## The task
Your task is to retype, exactly, the line containing "Alexander McQueen Regenschirm" and every later line through the end of the listing, with pictures omitted.

## Data

__________________________________________________

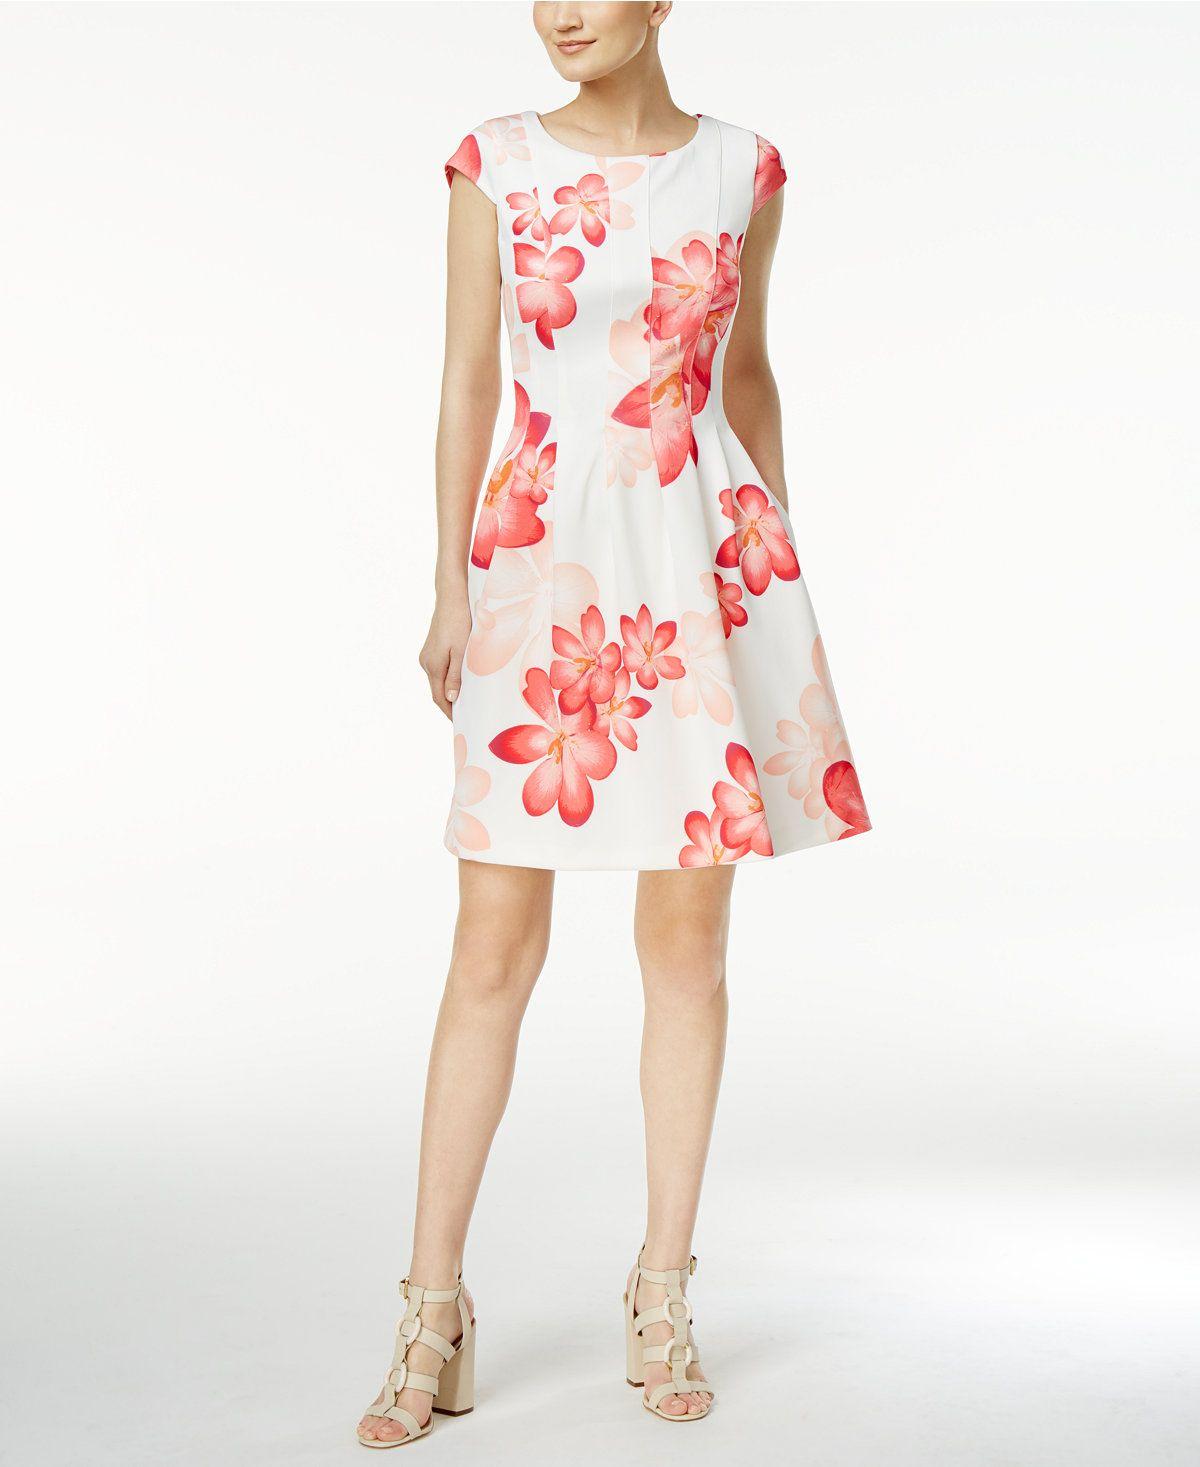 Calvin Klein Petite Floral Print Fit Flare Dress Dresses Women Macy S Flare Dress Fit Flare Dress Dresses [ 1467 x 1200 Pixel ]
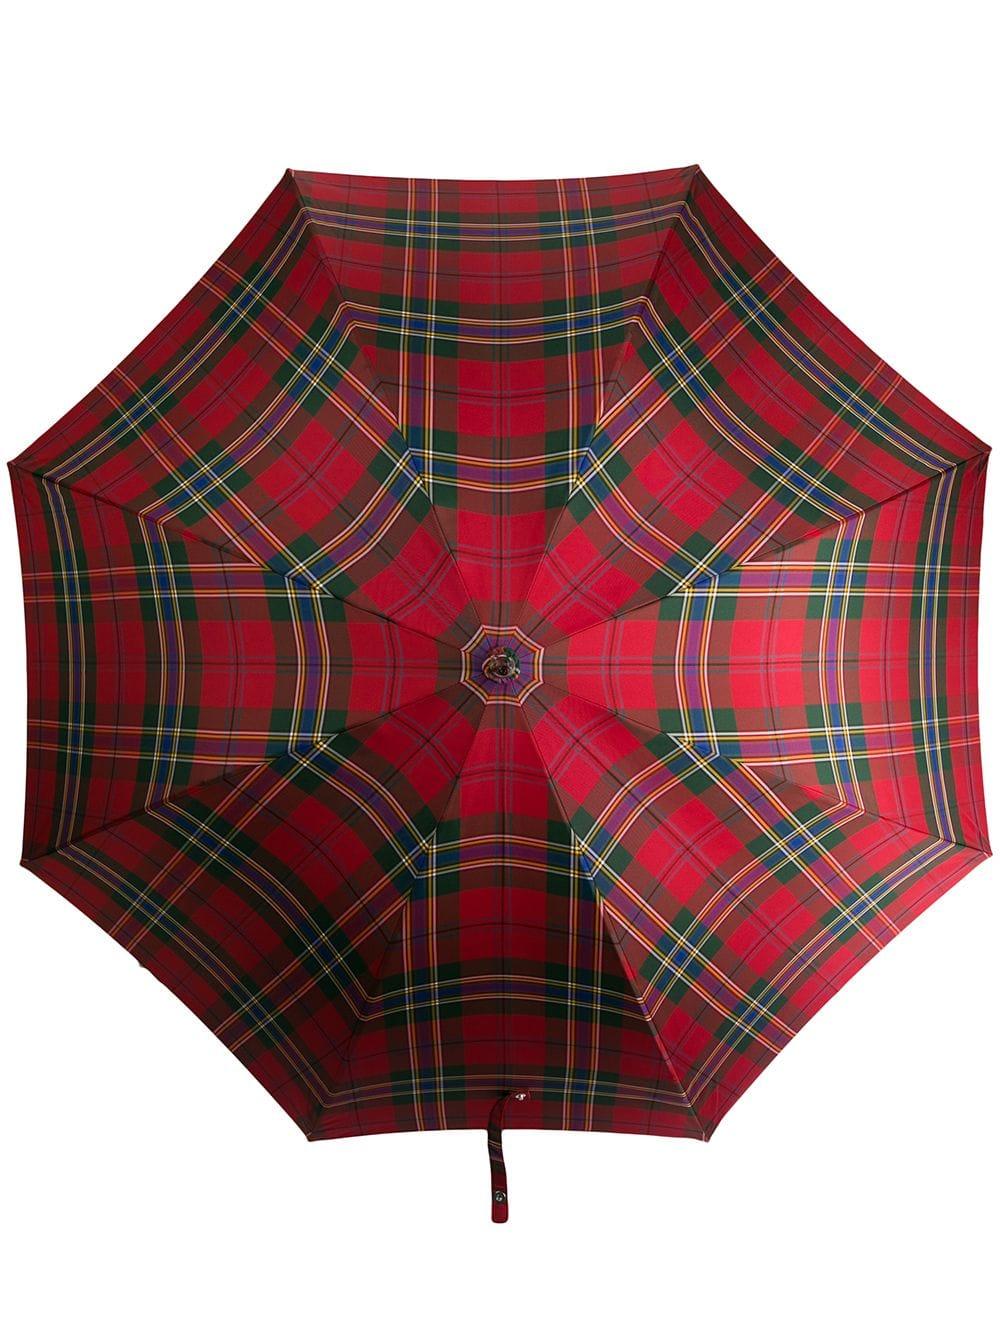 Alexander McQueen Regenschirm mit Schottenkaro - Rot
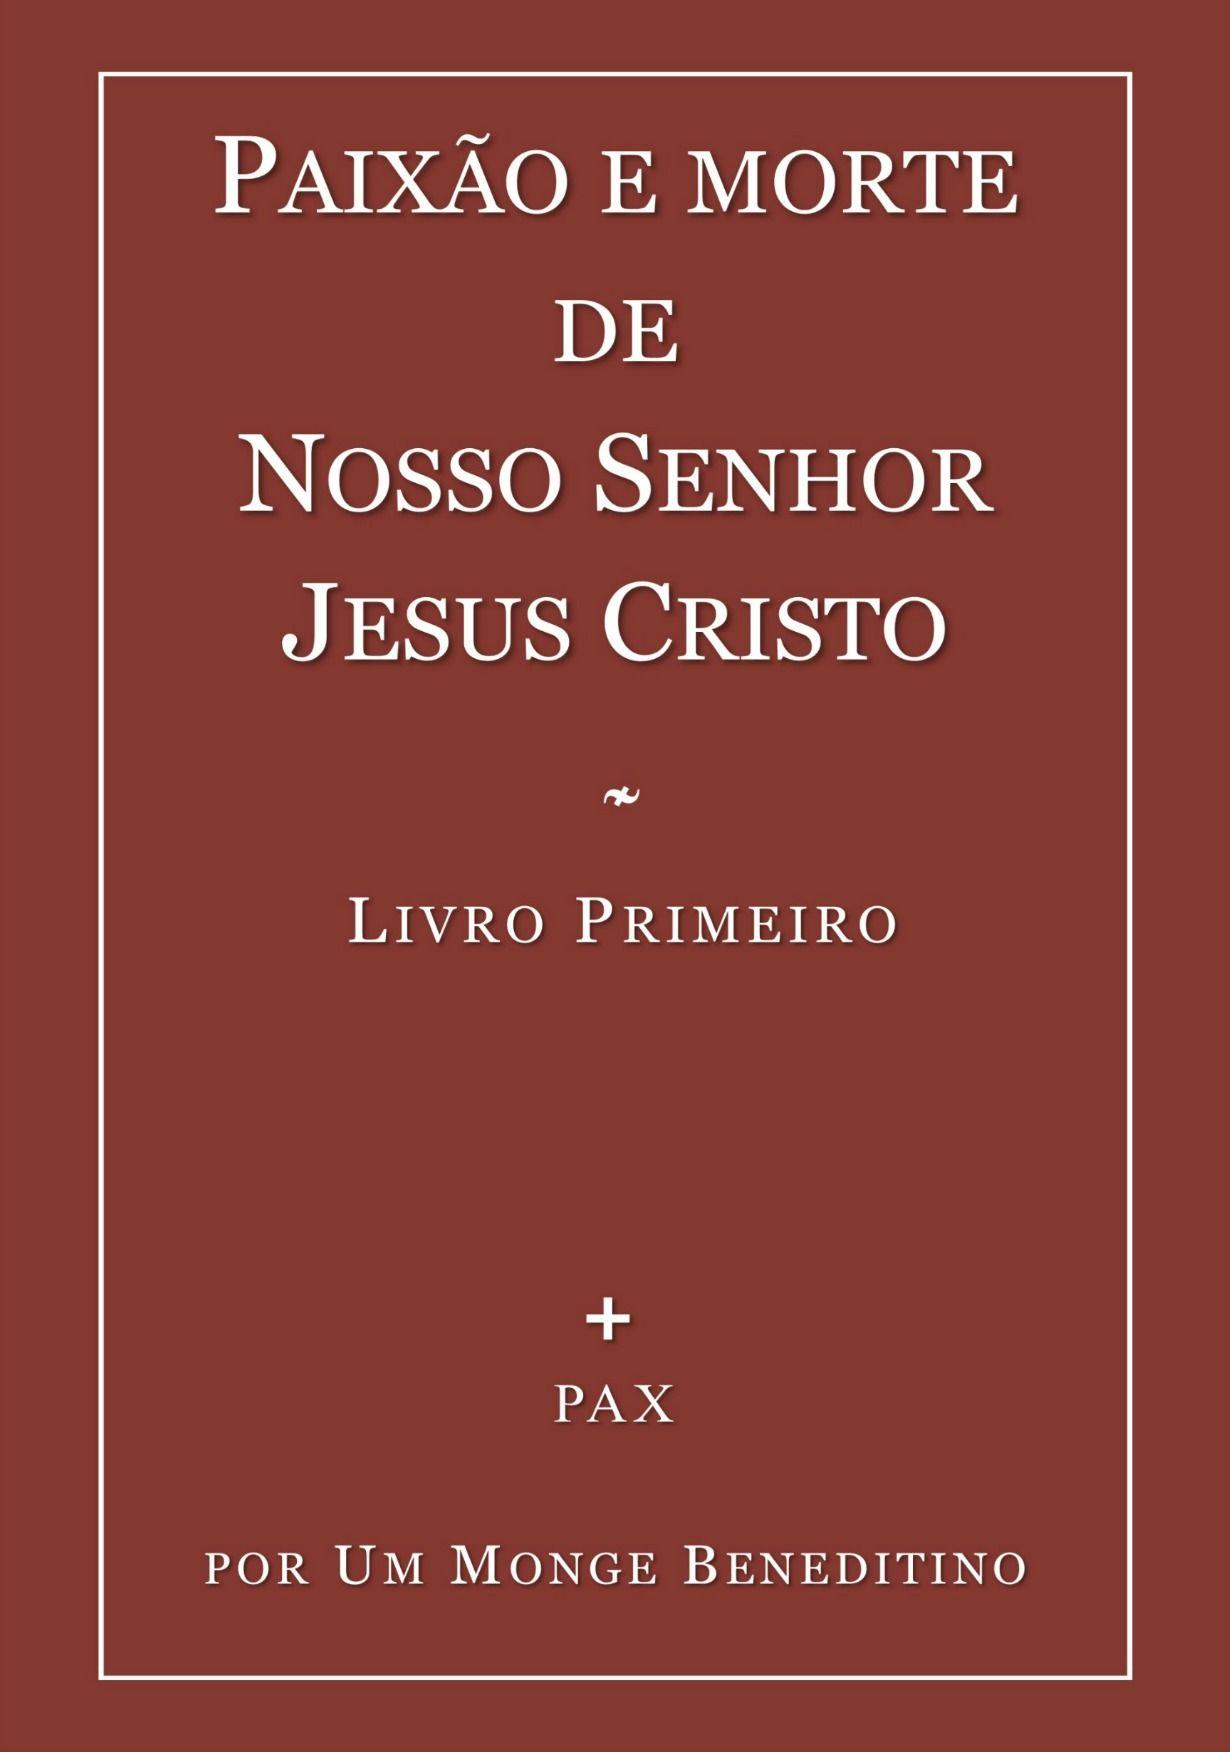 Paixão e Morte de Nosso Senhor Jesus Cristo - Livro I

__________________________________________________

## Solution for this task
 Alexander McQueen Regenschirm mit Schottenkaro - Rot
 Paixão e Morte de Nosso Senhor Jesus Cristo - Livro I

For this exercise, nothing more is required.